Social media practically can be, however, and a University of Maryland researcher is part of a U.S.-Ukrainian multi-institutional team that’s harvesting data from Twitter and analyzing it with machine-learning algorithms. The result is a real-time system that provides a running account of what people in Ukraine are facing, constructed from their own accounts.
The project, Data for Ukraine, has been running for about three weeks, and has shown itself able to surface important events a few hours ahead of Western or even Ukrainian media sources. It focuses on four areas: humanitarian needs, displaced people, civilian resistance and human rights violations. In addition to simply showing spikes of credible tweets about certain subjects the team is tracking, the system also geolocates tweets—essentially mapping where events take place.
“It’s an early alarm system for human rights abuses,” said Ernesto Calvo, professor of government and politics and director of UMD’s Inter-Disciplinary Lab for Computational Social Science. “For it to work, we need to know two basic things: what is happening or being reported, and who is reporting those things.”
Calvo and his lab focus on the second of those two requirements, and constructed a “community detection” system to identify key nodes of Twitter users from which to use data. Other team members with expertise in Ukrainian society and politics spotted him a list of about 400 verified users who actively tweet on relevant topics. Then Calvo, who honed his approach analyzing social media from political and environmental crises in Latin America, and his team expanded and deepened the collection, drawing on connections and followers of the initial list so that millions of tweets per day now feed the system.
Nearly half of the captured tweets are in Ukrainian, 30% are in English and 20% are in Russian. Knowing who to exclude—accounts started the day before the invasion, for instance, or with few long-term connections—is key, Calvo said.
“One of the big concerns when we started was to what extent the information was credible—the objective was not to capture as much data as possible, but to make sure it’s quality data,” he said.
Other team members include Olga Onuch of the University of Manchester, U.K., a Ukrainian associate professor of politics who helped guide the selection of monitored Twitter accounts and shape the list of more than 600 Ukrainian and Russian keywords the system monitors for. It captures “living language,” she said—for instance, a protest might be referred to in Ukrainian or Russian with the Soviet-era colloquialism of “a meeting.”

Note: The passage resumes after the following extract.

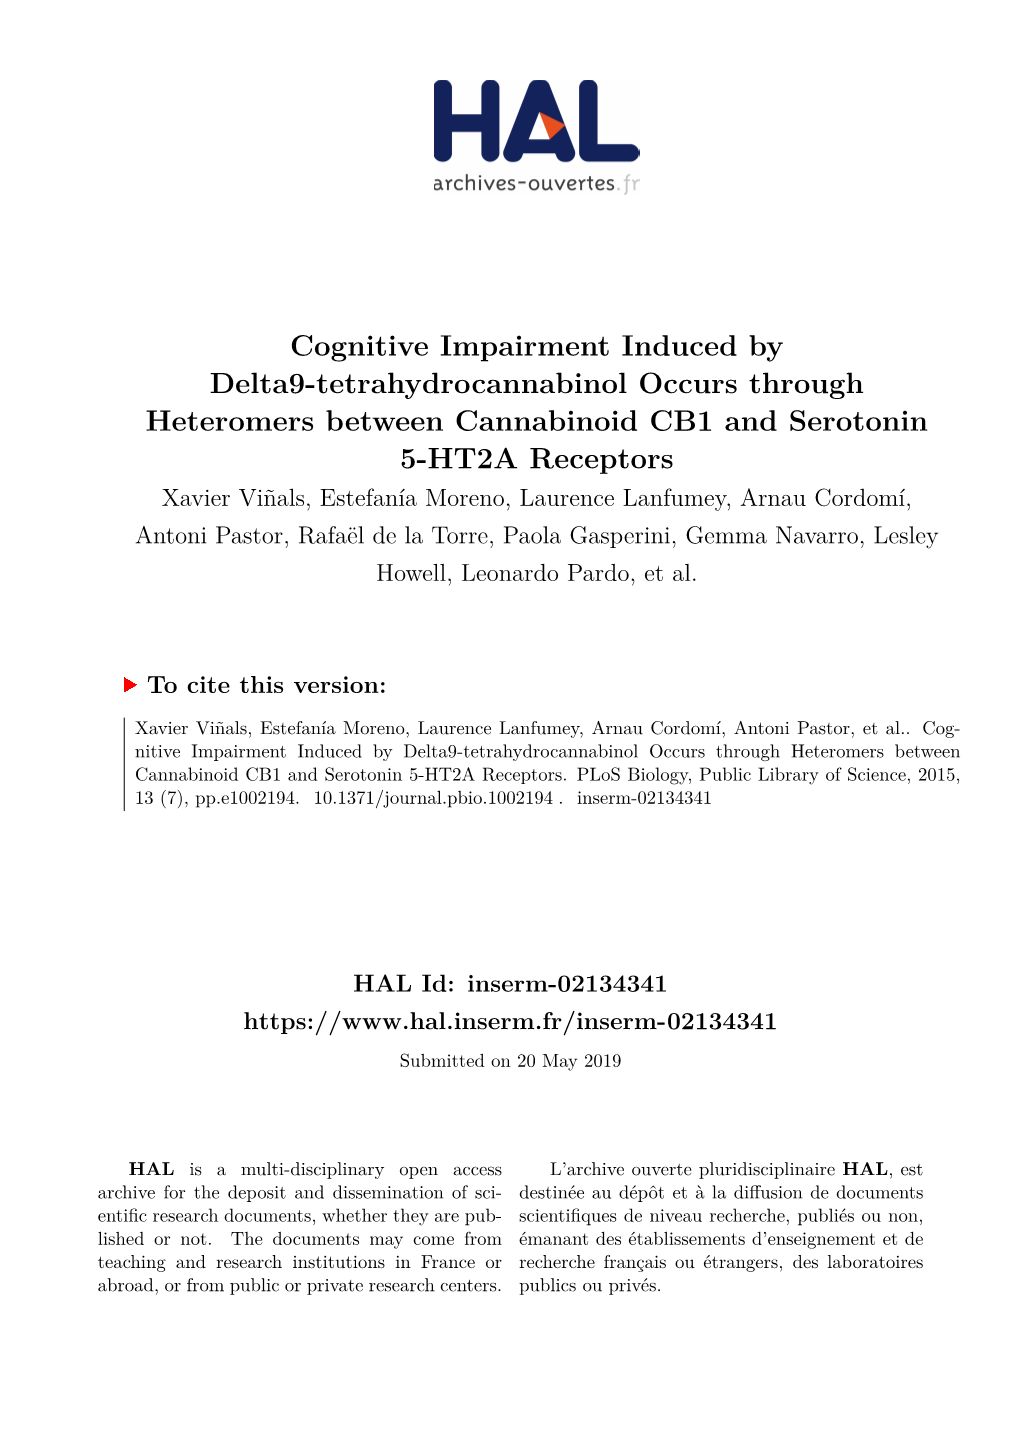 Cognitive Impairment Induced by Delta9-Tetrahydrocannabinol

Erik Wibbels, a political science professor who leads Duke University’s DevLab, handles the project’s natural language processing element, utilizing artificial intelligence and the keyword list developed by Onuch and others to analyze what the tweets are about; political science Professor Graeme Robertson of the University of North Carolina at Chapel Hill and his colleagues provide expertise on the region; and undisclosed scholars at the Kyiv School of Economics, among other functions, are helping to validate the system’s performance.
In one instance, its tracking of civilian resistance and human rights abuses was able to immediately identify the beginning of a major event—Russian forces firing on peaceful protesters in the southern city of Kherson on March 21—soon registering as a spike on one of the main graphs on the project’s website.
Onuch hopes the work can help in two ways: in the moment, by perhaps helping aid agencies direct resources to people fleeing fighting, and in the long term, by permanently documenting abuses and atrocities for eventual justice.
“Social scientists have a duty in a time of crisis—if they have special or technical knowledge that can be useful—to use it,” she said. “Even if they can’t directly save human lives, they can use it to record what happened.”
Crunching social media big data is likely to become an increasingly prevalent way to take the pulse not only of wars, but other crises and key moments in future history, Calvo said.
“Scholars, politicians and regular citizens are using Twitter as one of the main ways to amplify information on the ground in Ukraine,” he said. “What’s new for me is that I have mostly used the data to look backward to analyze political crises, but now, the DevLab and our lab working together are developing the ability to use it for early detection.”